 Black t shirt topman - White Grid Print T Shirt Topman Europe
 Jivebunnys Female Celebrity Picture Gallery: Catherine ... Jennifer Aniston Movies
::::::::::
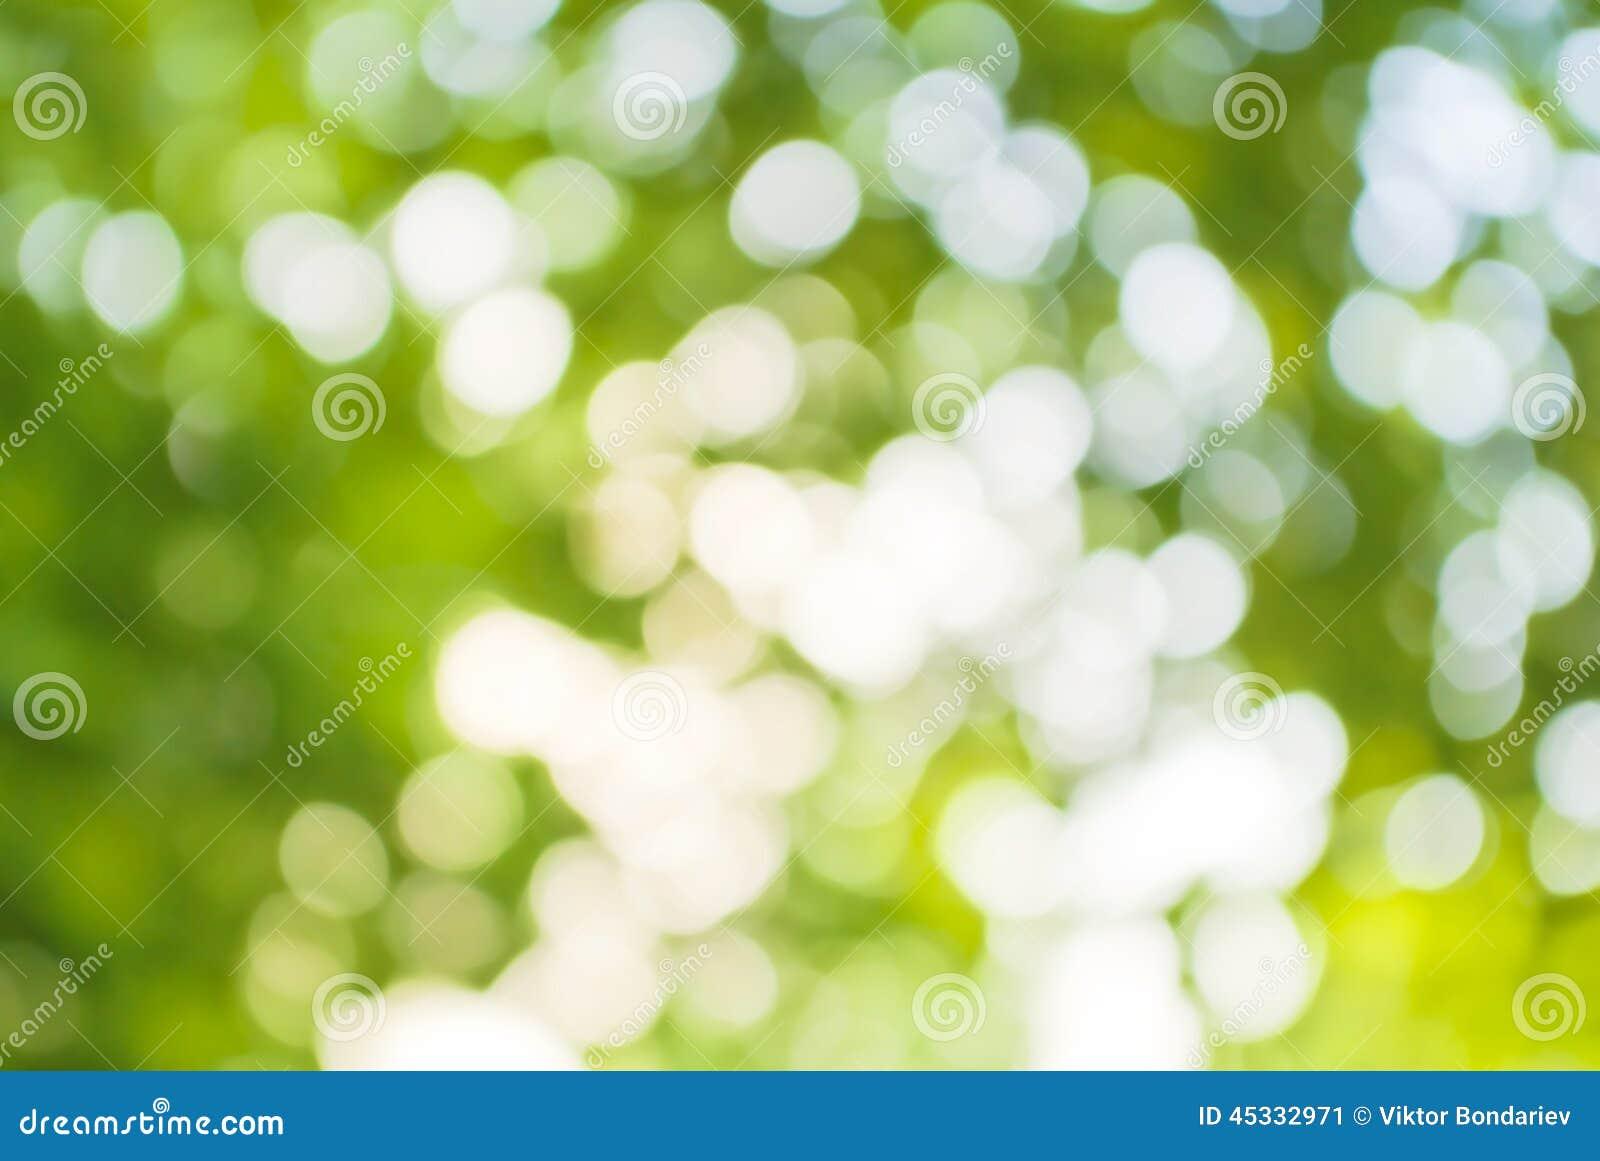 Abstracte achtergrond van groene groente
::::::::::
» Task item: From the listing above, repeat exactly the lines starting at the line that includes "Black t shirt" and ending at the line that includes "Jivebunnys Female Celebrity", with nothing outside that span.

» Response below:
 Black t shirt topman - White Grid Print T Shirt Topman Europe
 Jivebunnys Female Celebrity Picture Gallery: Catherine ... Jennifer Aniston Movies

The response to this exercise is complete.